Being equal, isn’t it the most difficult thing for a couple to achieve, if at all possible? Isn’t love ultimately about balancing power and control, desire and trust, over someone else’s body and mind? And how can that get out of hand when different economic and legal statuses begin shedding feelings? Michel Franco’s Dreams premiered at the 75th Berlinale and competing for the Golden Bear, wrestles with these very questions. The Mexican director reunites with leading star, Jessica Chastain, after their collaboration on his previous tender film Memory (2023). In Dreams they deliver a fierce portrait of a neo-colonial love story, a Pocahontas of the Trump era.
It’s night, in the middle of nowhere. A truck is swaying as people scream for help from inside. The migrants are trying to survive with what little air and space they have. Suddenly, when most of them appear to be dead, the doors open and they emerge as cannon fodder from the bowels of this metal monster. A young man, whose physicality is immediately striking, separates from the group and staggers forward into the unknown. His first stop is a diner on the highway, where he searches for water. There, a Mexican waitress on shift kicks him out as if he were a dog, only to pick him up a short time later, take him home, and offer him a meal and a shower. His journey continues to San Francisco, to a chic neighborhood. Knowing where the spare keys to the house are hidden, he easily lets himself into a sterile yet luxurious apartment overlooking the valley. After raiding the fridge, he installs himself in the master bedroom. His naked, sculpted buttocks winking at the audience from between the expensive sheets. A woman comes home and slips on top of him. Two people in love, is the first impression. But reality is there to confront the romantics. The young man is Fernando (Isaac Hernández), a young ballet dancer from Mexico City. The older woman is Jennifer (Chastain), a wealthy philanthropist from San Francisco. So close but yet so distant. The two met in Mexico City, as Jessica is the financier of the art academy where Fernando used to work. There they bloomed. Now, in San Francisco they dry out.
The differences between Jessica and Fernando couldn’t be more obvious: age, class, race, gender. Yet they seem to love each other. Asymmetry is only a weak euphemism for the unequal power relations that bind them together. The inequalities between the two are exacerbated by family and social prejudices. “We were happy in Mexico”, Jessica says at one point, implicitly meaning “where I had everything under control”, keeping Fernando in a golden cage and coming and going as she pleased. This game of presence and absence, of appearing and disappearing, becomes a weapon that the two take up in turn. Fernando has his own dreams and desires, as we learn when he talks about his former life in New York. He left Mexico to be with Jessica and to fulfill her dreams, mainly erotic ones. But he is also eager to seize any professional opportunity, which, because of his status as an undocumented migrant, will lead to his ruin. Fernando’s body is symbolically his greatest asset, but also his greatest obstacle, and ultimately his downfall. The key to love and acceptance, with Jessica as well as with his fellow dancer and choreographer, but also the evidence of his “crime”. In today’s USA, just being an undocumented migrant makes you a criminal. Premiering just weeks after Trump’s re-election, Dreams invites the public to reflect on what the United States has become. The land of dreams and promise, founded on the melting pot of migrants from all over the world, is now all about “America first” and “Make America great again”. Yes, but what “America”? White US.

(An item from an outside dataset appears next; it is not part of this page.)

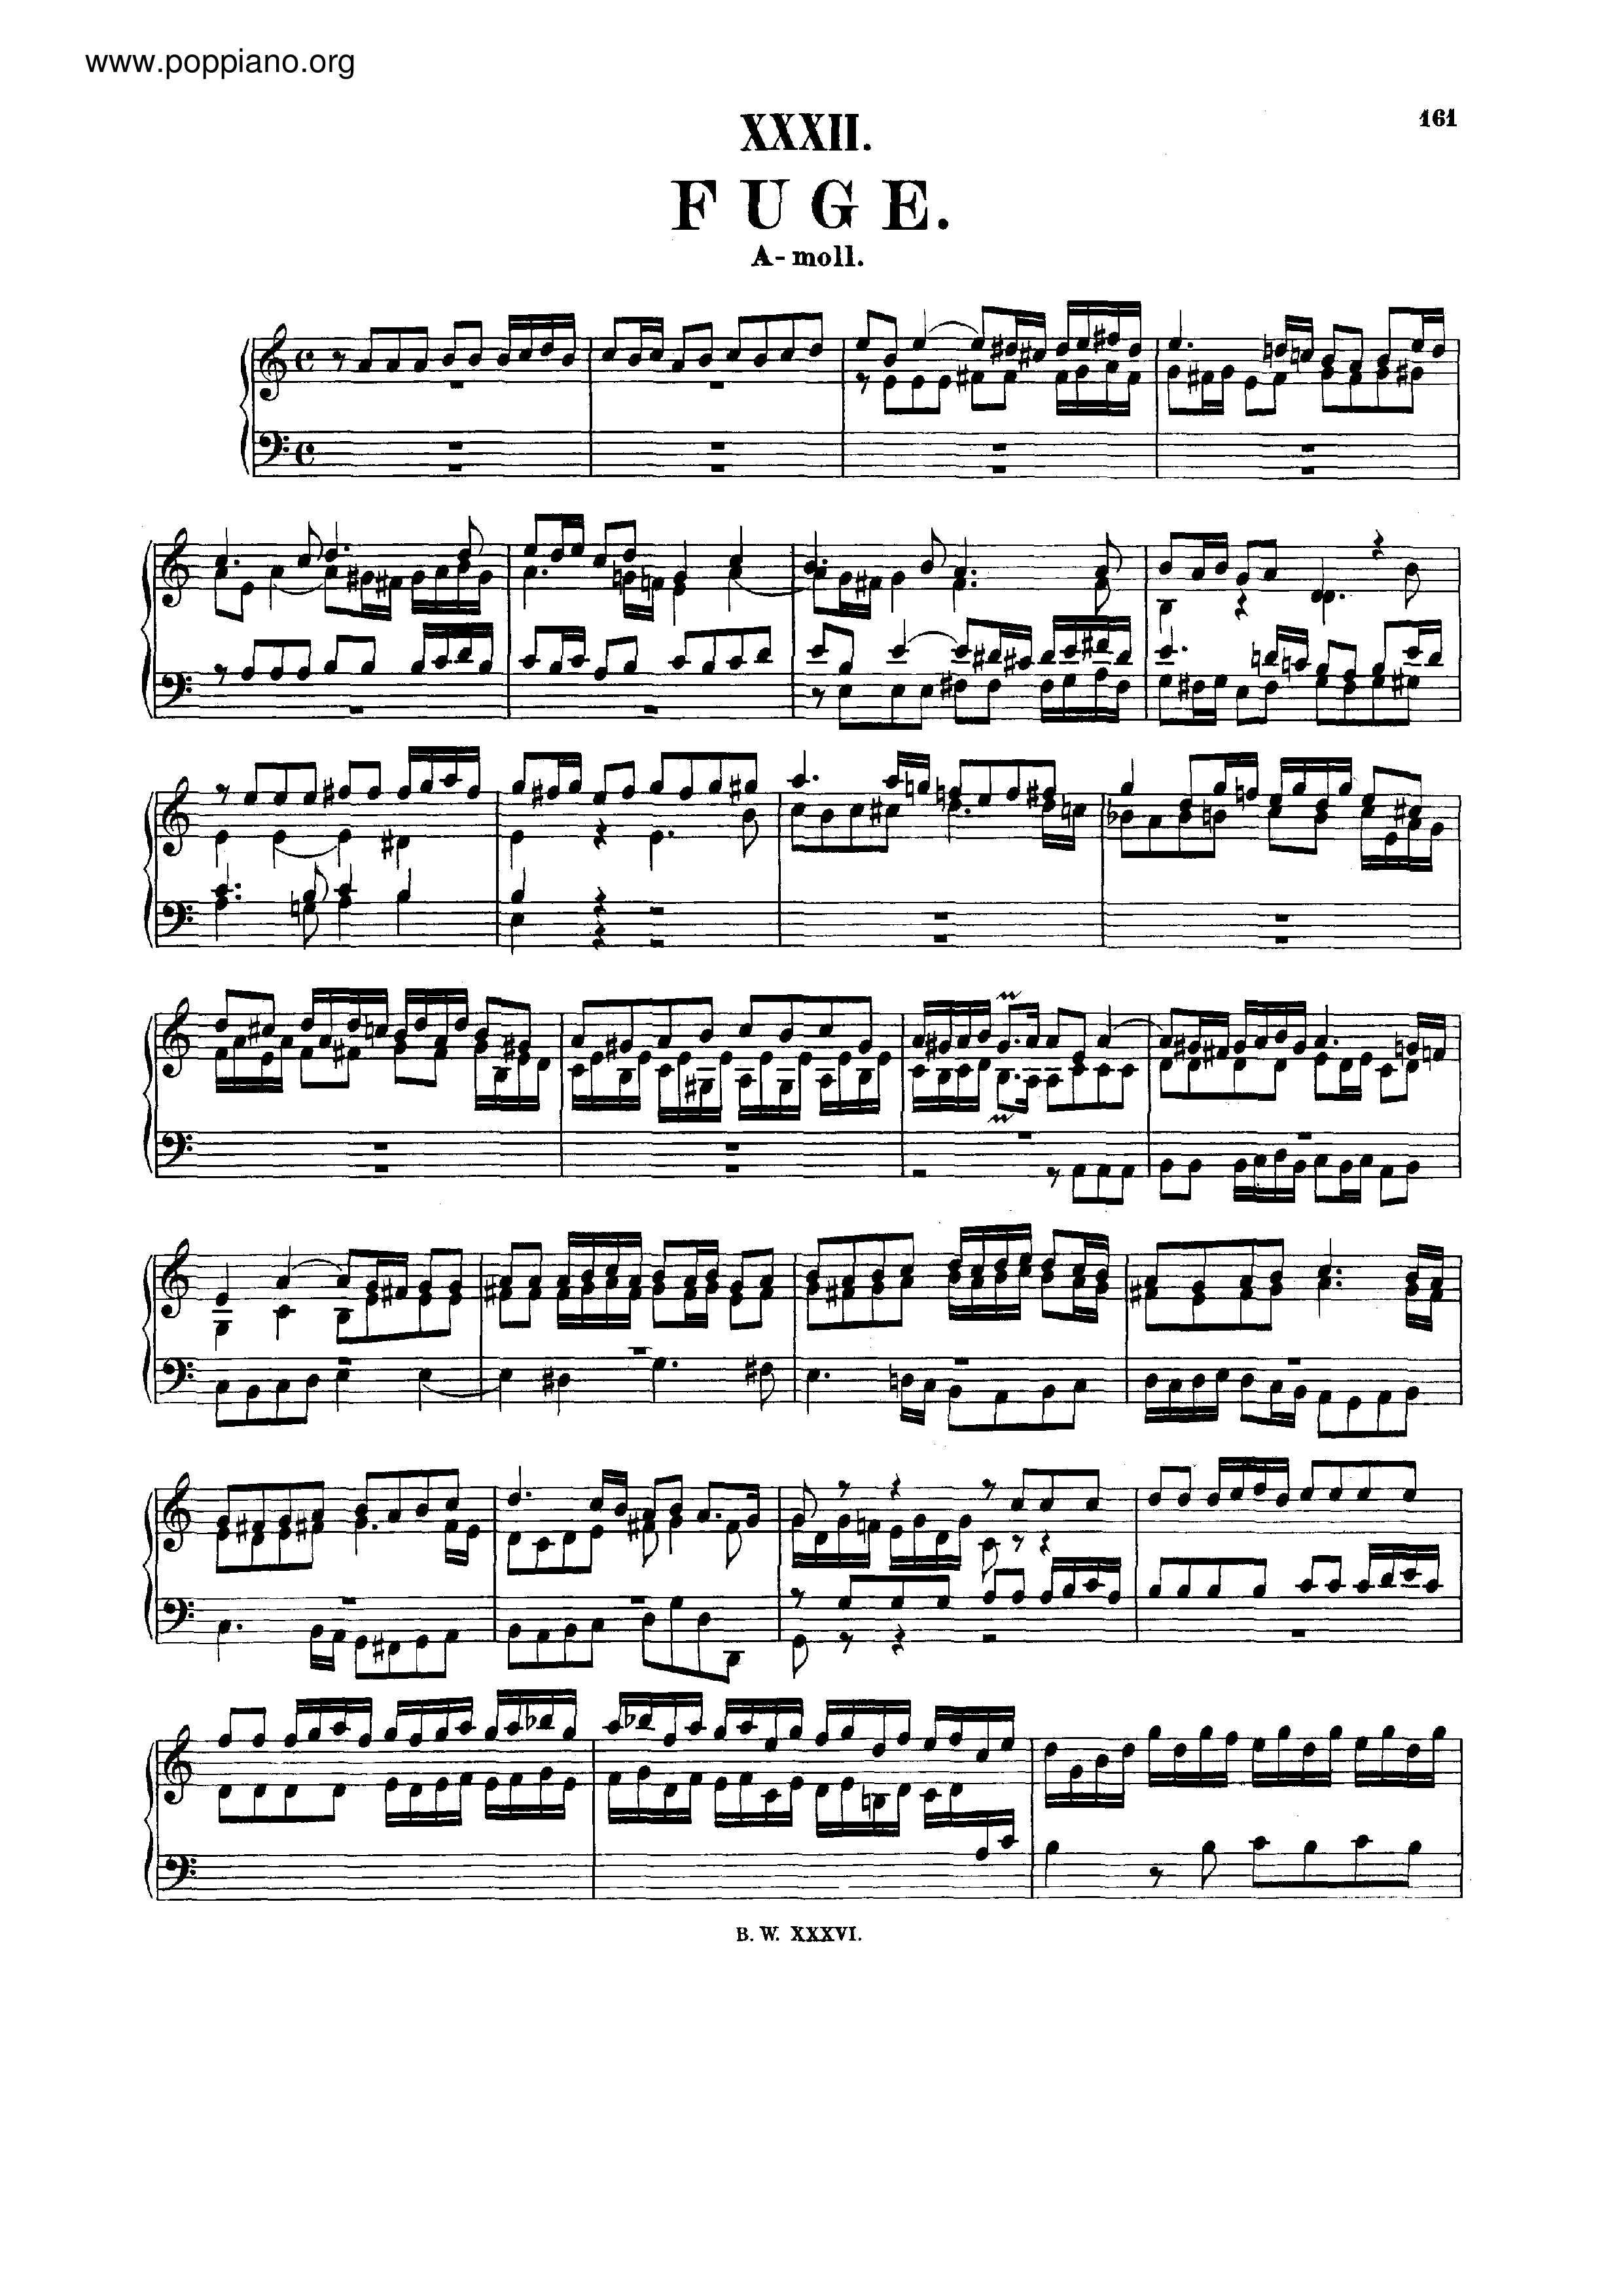 Fugue in A minor, BWV 947 Score

Colonial history has never been more evident. Jessica’s extreme sexualization of Fernando’s racialized body is only the most obvious sign of a more complex relationship of subalternity between the two. How she provides him with money, shelter, clothes, and food on her terms emphasizes the dependency. When she asks him not to speak Spanish with his countrymen in her presence, the mission of civilization is in full swing. She is, after all, a philanthropist, full of love and good intentions, but very unidirectional. Even the obvious signs of loneliness and neurosis don’t make it easier to sympathize with such a manipulative egocentric character, incapable of empathy. When Fernando shows any desire, it is immediately suppressed or ignored. He is here to please, as a pet, and Mexico is the ultimate place for that. In Jessica’s imagination, as in that of the US people, it is the place of good food, sun, color, and desire. There, Jessica suddenly wears airy, embellished dresses instead of monochrome, geometric ones. The house is full of colors and plants, very different from the ascetic one in San Francisco. Sometimes music plays in the background and friends come over to visit. Director Franco manages to convey the overarching dichotomy that dominates the protagonists’ lives through small, piercing details, in which the senses also play an important role. DoP Yves Cape provides the images for this detailed investigation of the development of this historical, anthropological, and sociological relation between the US and its closest neighbor, Mexico, at a time when reflection on power relations among the two is much needed.